Ordóñez N G
Department of Pathology, University of Texas M.D. Anderson Cancer Center, Houston 77030.
Am J Surg Pathol. 1989 Apr;13(4):276-91.
Despite numerous histochemical, ultrastructural, and immunohistochemical studies, differentiation between malignant epithelial pleural mesothelioma and adenocarcinoma of the lung remains extremely difficult. Although there is general agreement that immunohistochemical methods can aid in this distinction, some studies have produced conflicting results with some of the proposed markers for mesothelioma. To obtain comparable and reproducible results, 19 unequivocal epithelial mesotheliomas and 23 unequivocal primary lung adenocarcinomas were studied by the avidin-biotin-peroxidase complex method on formalin-fixed, paraffin-embedded tissue specimens. Well-characterized, commercially available antibodies to carcinoembryonic antigen (CEA), a high- and low-molecular-weight keratin, vimentin, epithelial membrane antigen, human milk fat globule, Leu-M1, TAG-72 (identified by monoclonal antibody B72.3), beta 1 pregnancy-specific glycoprotein (SP1), human placental lactogen, secretory component (SC), CA19-9, and S-100 protein were used. Twenty-one adenocarcinomas (91.3%) reacted for CEA, 14 (60.9%) for Leu-M1, 14 (60.9%) for SC, nine (39.1%) for CA19-9, and eight (34.8%) for SP1; no mesotheliomas stained for any of these markers. Nineteen adenocarcinomas (82.6%) and one mesothelioma (5.3%) reacted with B72.3. Adenocarcinomas and mesotheliomas did not significantly vary in reaction to the remaining antibodies. None of the antibodies used was specific for mesothelioma, but CEA was the single most useful marker. One of the two adenocarcinomas negative for CEA was positive for TAG-72, Leu-M1, and SC, and the only B72.3-positive mesothelioma was negative for CEA, Leu-M1, SC, CA19-9, and SP1. These findings indicate that greater sensitivity in differentiating mesothelioma and adenocarcinoma can be achieved by immunostaining for both CEA and one or more of the markers TAG-72 (B72.3), Leu-M1, SC (these three have the highest sensitivity and specificity after CEA), CA19-9, and SP1.

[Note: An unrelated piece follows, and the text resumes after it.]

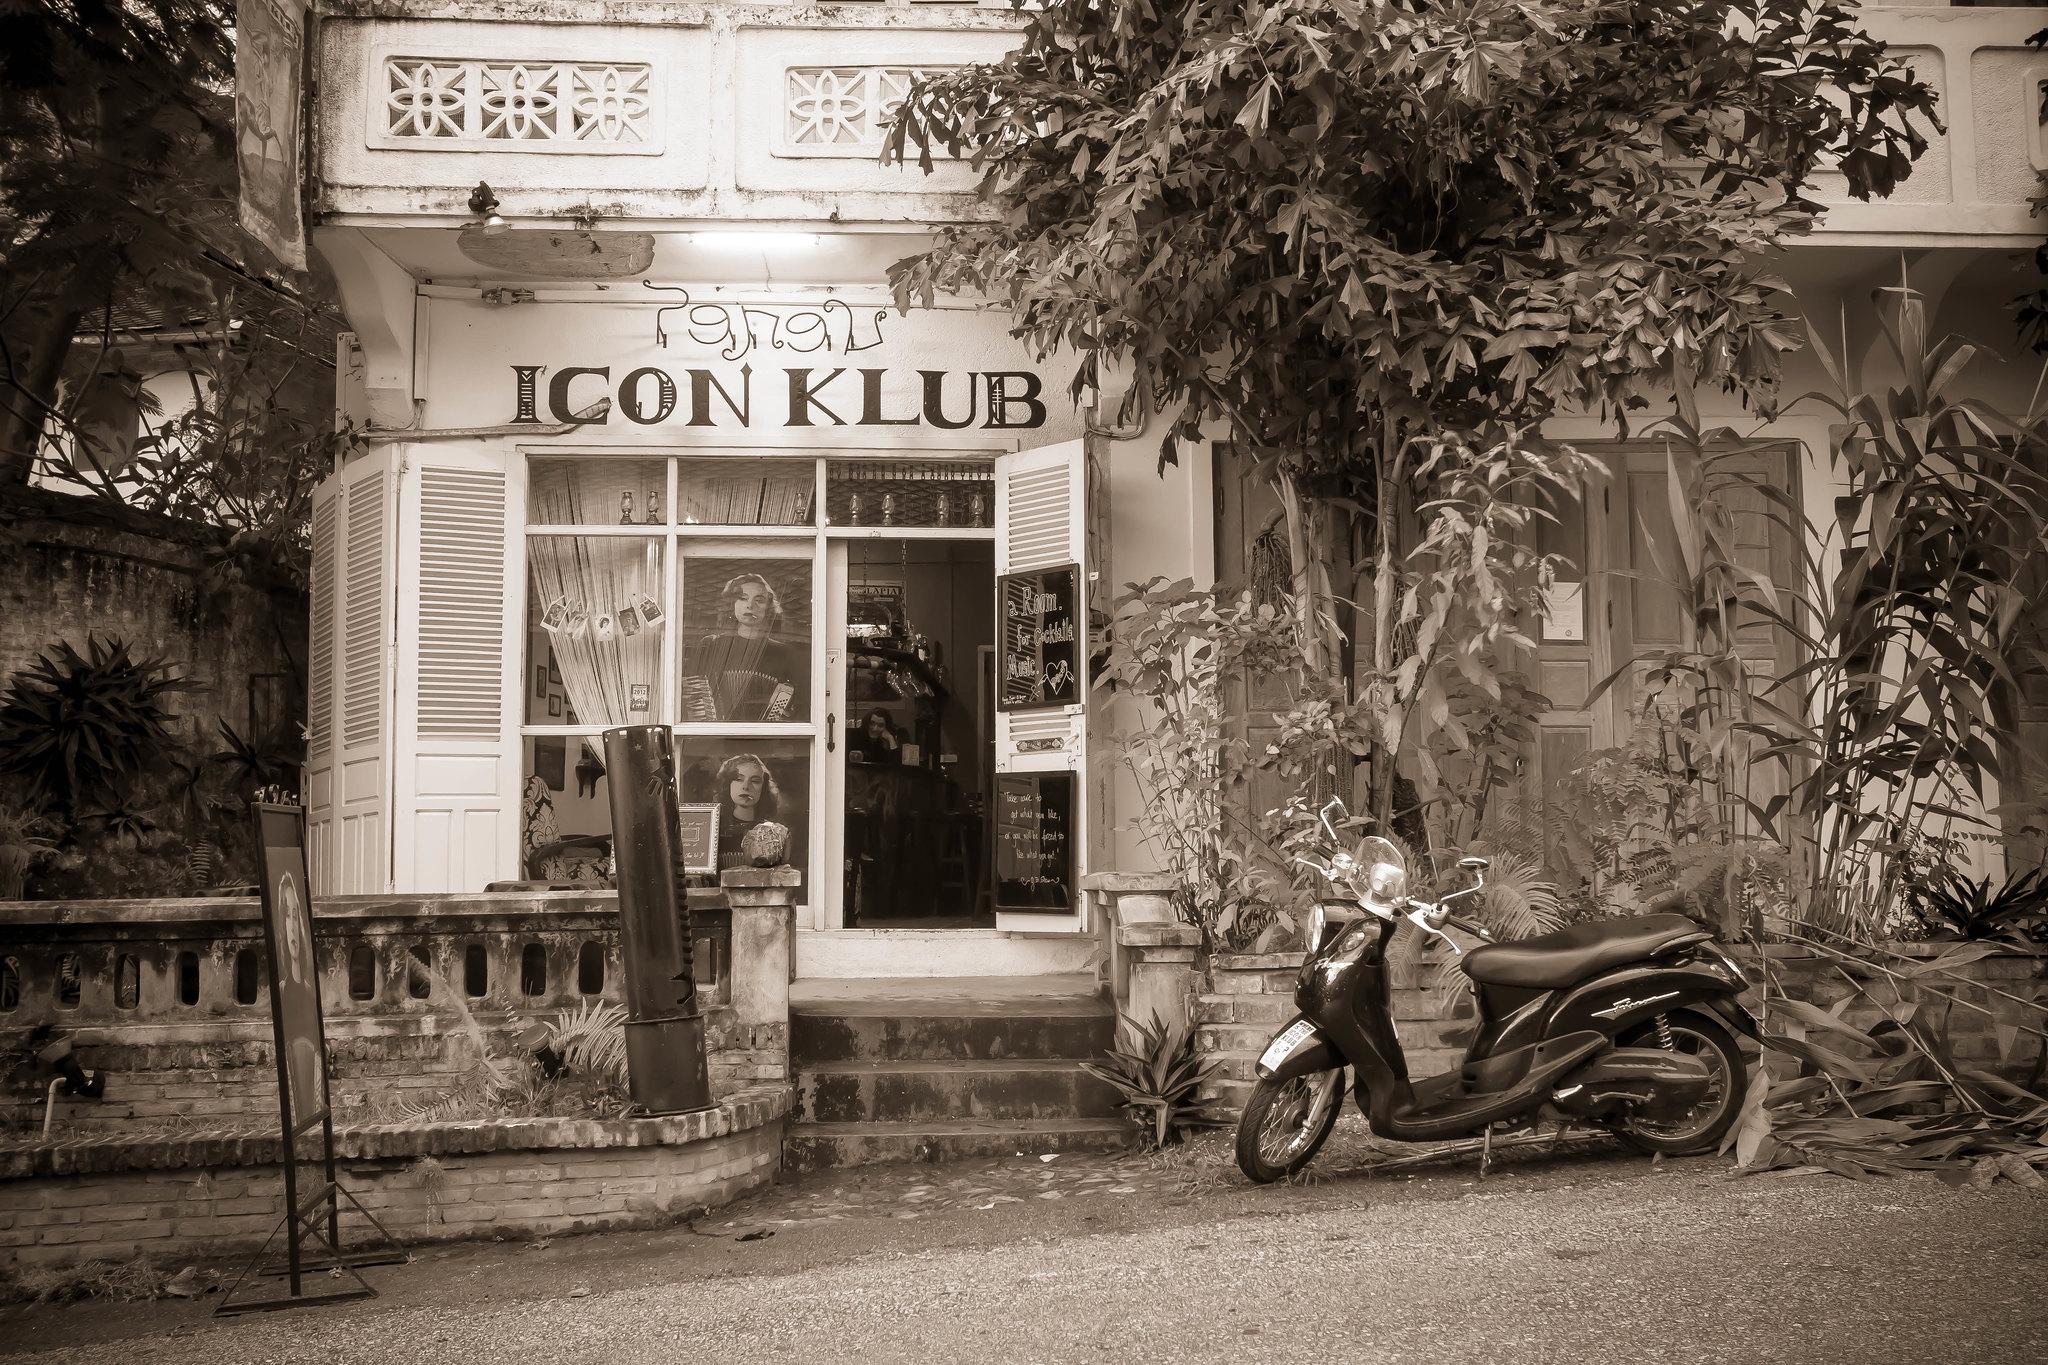 Icon klub

尽管进行了大量的组织化学、超微结构和免疫组织化学研究,但恶性上皮性胸膜间皮瘤与肺腺癌之间的鉴别仍然极为困难。虽然人们普遍认为免疫组织化学方法有助于这种区分,但一些研究对于一些提议的间皮瘤标志物得出了相互矛盾的结果。为了获得可比且可重复的结果,采用抗生物素蛋白-生物素-过氧化物酶复合物法,对19例明确的上皮性间皮瘤和23例明确的原发性肺腺癌的福尔马林固定、石蜡包埋组织标本进行了研究。使用了特征明确的市售抗癌胚抗原(CEA)、高分子量和低分子量角蛋白、波形蛋白、上皮膜抗原、人乳脂肪球、Leu-M1、TAG-72(由单克隆抗体B72.3识别)、β1妊娠特异性糖蛋白(SP1)、人胎盘催乳素、分泌成分(SC)、CA19-9和S-100蛋白的抗体。21例腺癌(91.3%)对CEA呈阳性反应,14例(60.9%)对Leu-M1呈阳性反应,14例(60.9%)对SC呈阳性反应,9例(39.1%)对CA19-9呈阳性反应,8例(34.8%)对SP1呈阳性反应;无间皮瘤对这些标志物中的任何一种呈染色阳性。19例腺癌(82.6%)和1例间皮瘤(5.3%)与B72.3发生反应。腺癌和间皮瘤对其余抗体的反应无显著差异。所用抗体均无对间皮瘤具有特异性的,但CEA是唯一最有用的标志物。2例CEA阴性的腺癌中有1例对TAG-72、Leu-M1和SC呈阳性反应,唯一1例B72.3阳性的间皮瘤对CEA、Leu-M1、SC、CA19-9和SP1呈阴性反应。这些发现表明,通过对CEA以及TAG-72(B72.3)、Leu-M1、SC(这三种在CEA之后具有最高的敏感性和特异性)、CA19-9和SP1中的一种或多种标志物进行免疫染色,在鉴别间皮瘤和腺癌时可获得更高的敏感性。